Martin Scorsese has translated his fascination with the American Italian mafia into memorable movies like Goodfellas and Casino, both of which were rich in atmosphere, dialog and character. His latest film in the genre, The Irishman, based on Charles Brandt’s book, I Heard You Paint Houses, conforms to this winning formula, and is now available on the Netflix streaming service.
Three and a half hours long, with a script by Steve Zailian of Schindler’s List fame, it brings together three of the finest Italian American actors of their generation — Robert DeNiro, Al Pacino and Joe Pesci — and they deliver stellar performances.
Despite its unusual length, this strong and alluring film never falters or sputters, and it attracts your undivided attention.
It begins and ends in a seniors’ home, where a former mobster, Frank Sheeran (DeNiro), recalls his days as a hitman for the mafioso Russell Bufalino (Pesci). Now frail and wizened, and estranged from one of his daughters, Sheeran also worked for Jimmy Hoffa (Pacino), the president of the International Brotherhood of Teamsters, a corrupt union with ties to the underworld that the U.S. government investigated.
Sheeran is an Irish American, but he speaks Italian and is familiar with Italian culture. During World War II, he was a frontline soldier in Italy, and there he learned to kill robotically. In one of the film’s early scenes, he fatally shoots two German soldiers who have just dug their own graves on his order.
Now, some years later in postwar America, he’s a truck driver who delivers sides of beef. Once in a while, he makes off with a slab and sells it privately to a restaurant. After his truck breaks down next to a diner on the side of a highway, a total stranger, Bufalino, offers to fix it. When Sheeran inevitably runs afoul of the law and is charged with a crime, the canny lawyer who defends him turns out to be Bufalino’s cousin.
By chance, Sheeran and Bufalino meet again, and the pair bond after an animated conversation in Italian. Soon enough, Sheeran is doing odd jobs for Bufalino and his associates. One of them instructs him to burn down a linen factory owned by “a bunch of Jews.” Much to his surprise and consternation, he discovers that an Italian criminal owns 50 percent of the business. This unintended mixup has consequences.
As he’s drawn deeper into Bufalino’s orbit, Sheeran branches into another line of work, assassinations, and Bufalino recommends him to Hoffa, who hires Sheeran as his aide.
The film, in part, unfolds against the backdrop of Fidel Castro’s revolutionary coup in Cuba, once a playground of the mafia, and of the Kennedy administration’s probe into corruption in the International Brotherhood of Teamsters. Bufalino wants to get rid of “that Castro prick” so he can resume his shady operations in Cuba.
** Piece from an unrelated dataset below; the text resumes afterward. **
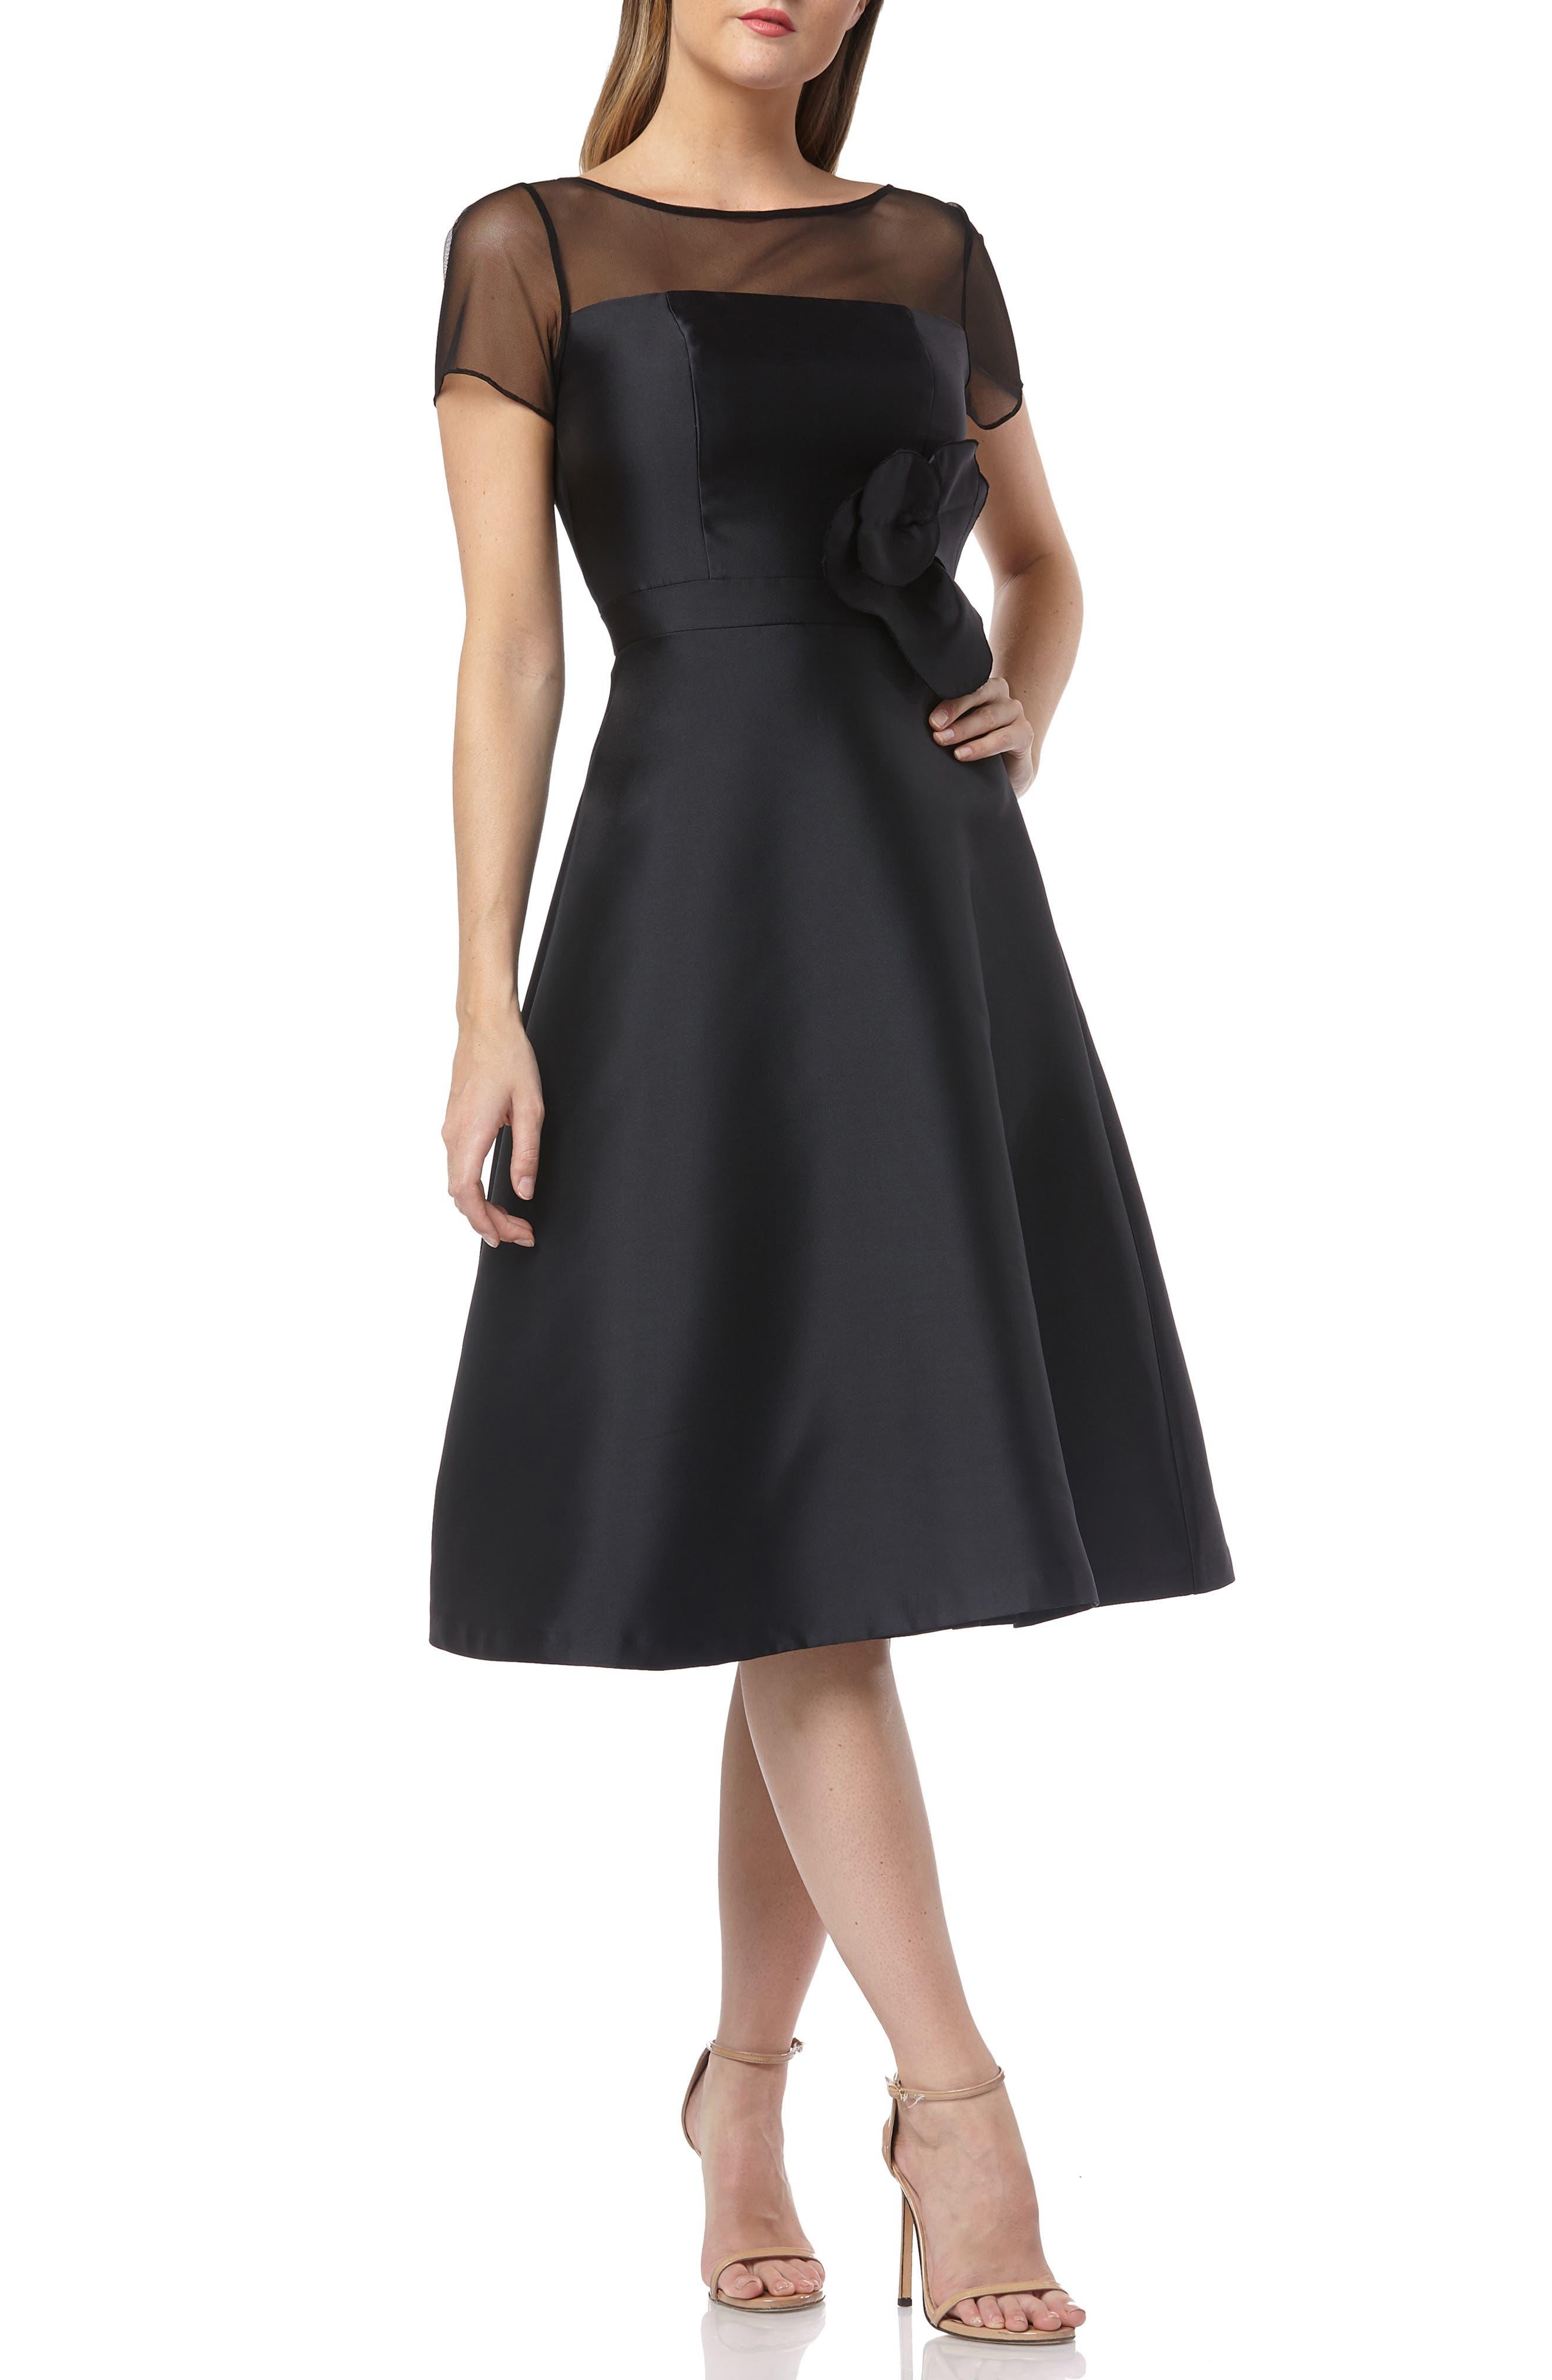 KAY UNGER Illusion Yoke Fit & Flare Cocktail Dress, Main, color, BLACK

In the meantime, Hoffa’s hatred of Robert Kennedy, the federal attorney-general, grows in proportion to Kennedy’s intrusive investigations of the links between his union and organized crime.
Eventually, Kennedy nails Hoffa and sends him to prison. Upon his release, he mounts an aggressive campaign to regain the presidency of the union, a prospect that certain figures in the mob find troubling. Bufalino orders Sheeran to convince Hoffa to quit, but Hoffa refuses to heed his good advice. “This is my union!” he bellows.
Hoffa’s refusal to play ball proves fatal. He’s murdered and made to disappear. Brandt’s theory that Sheeran killed Hoffa, though plausible, has been sharply disputed by some observers. Scorsese has embraced it and developed it with panache.
The Irishman, never less than atmospheric, is a tour de force by one of Hollywood’s finest directors.